Mañalac stressed the government is not blaming SPEX for its decision not to push through with the project.
"We understand that it is purely a business decision. We respect their decision. The projected oil reserves of 35 million barrels could be very small compared to other projects of SPEX being a giant oil exploration firm. But the Philippine government should try to explore all known oil resources," he said.
If the DOE can formalize the talks with SPEX within this week, Mañalac said they hope to enter into an agreement with an oil exploration firm within this quarter.
SPEX had earlier said that it is still working out a scheme to be able to come up with an exploration mode that would not be too expensive for the group. Based on earlier estimates, development of an oil well would need $10-to $30-million capital, depending on the technology used.
A few years ago, SPEX was able to extract oil from the Malampaya field and sold it to Korea and Singapore.
SPEX, however, said it still has to determine if the volume of oil being extracted from the oilfield will be "commercially viable".
The Malampaya field is located in the South China Sea, off the northern island of Palawan, and contains an estimated 2.6 trillion cubic feet of natural gas. A 312-mile (504-kilometer) pipeline links the field to three power plants in Batangas.

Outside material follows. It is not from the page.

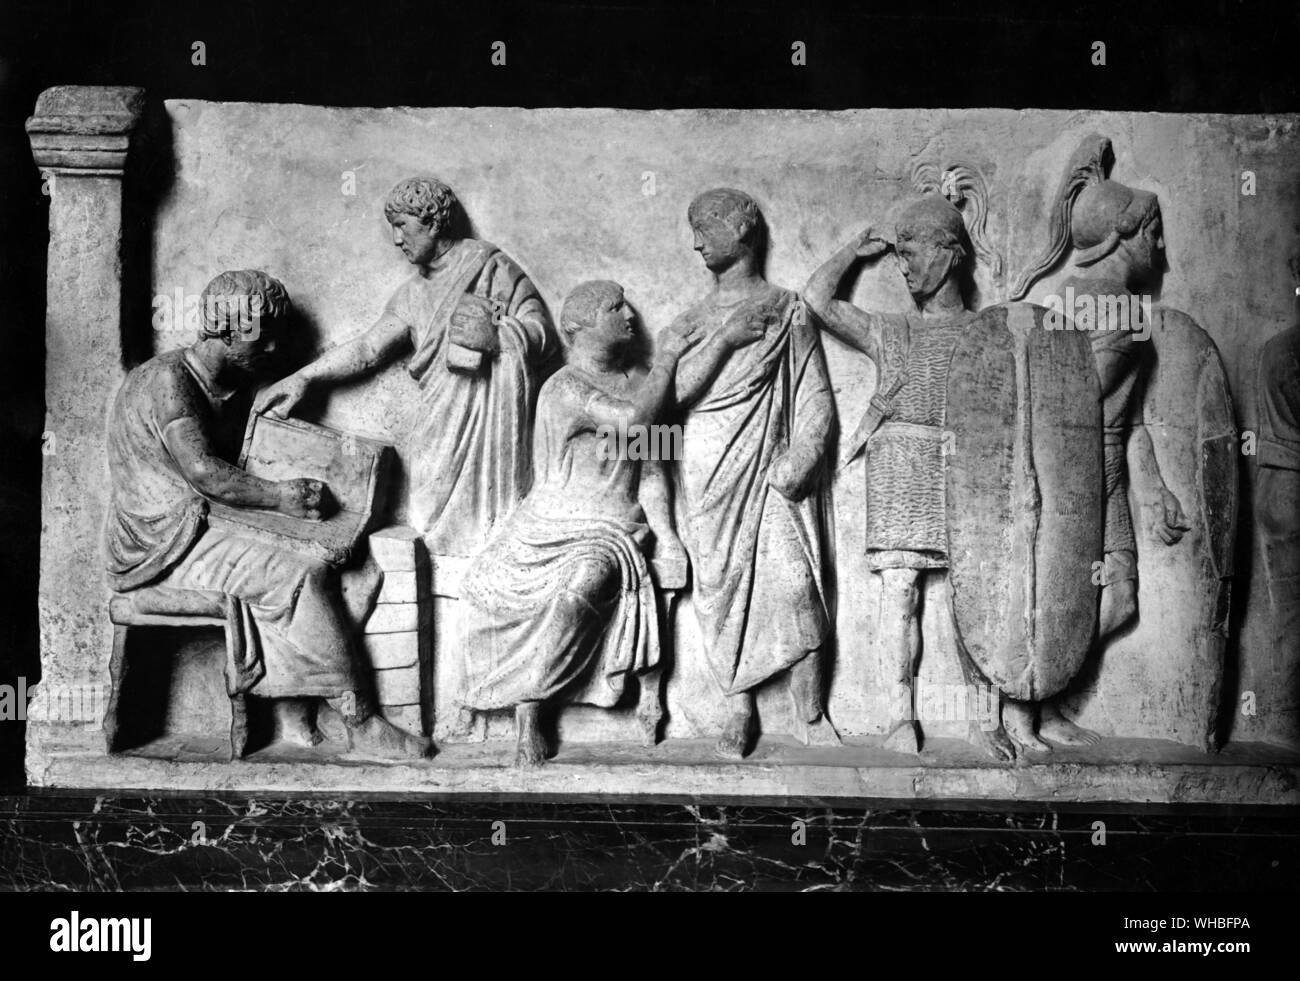 Cérémonie du recensement à partir de l'autel de Dometius Ahenobarbus - fin du 1er siècle avant J.-C. - Paris Louvre. Banque D'Images

The pipeline is among the longest deep-water pipelines in the world, with half of its length more than 600 feet deep.
Natural gas from Malampaya eventually will fuel three power plants with a combined 2,700-megawatt (MW) capacity for the next 20 years and will displace 26 million barrels of fuel oil, according to the Philippine government.
The government is expected to raise between $9 to $13 billion in revenues from the royalties that would be paid by the consortium within the 20-year contract.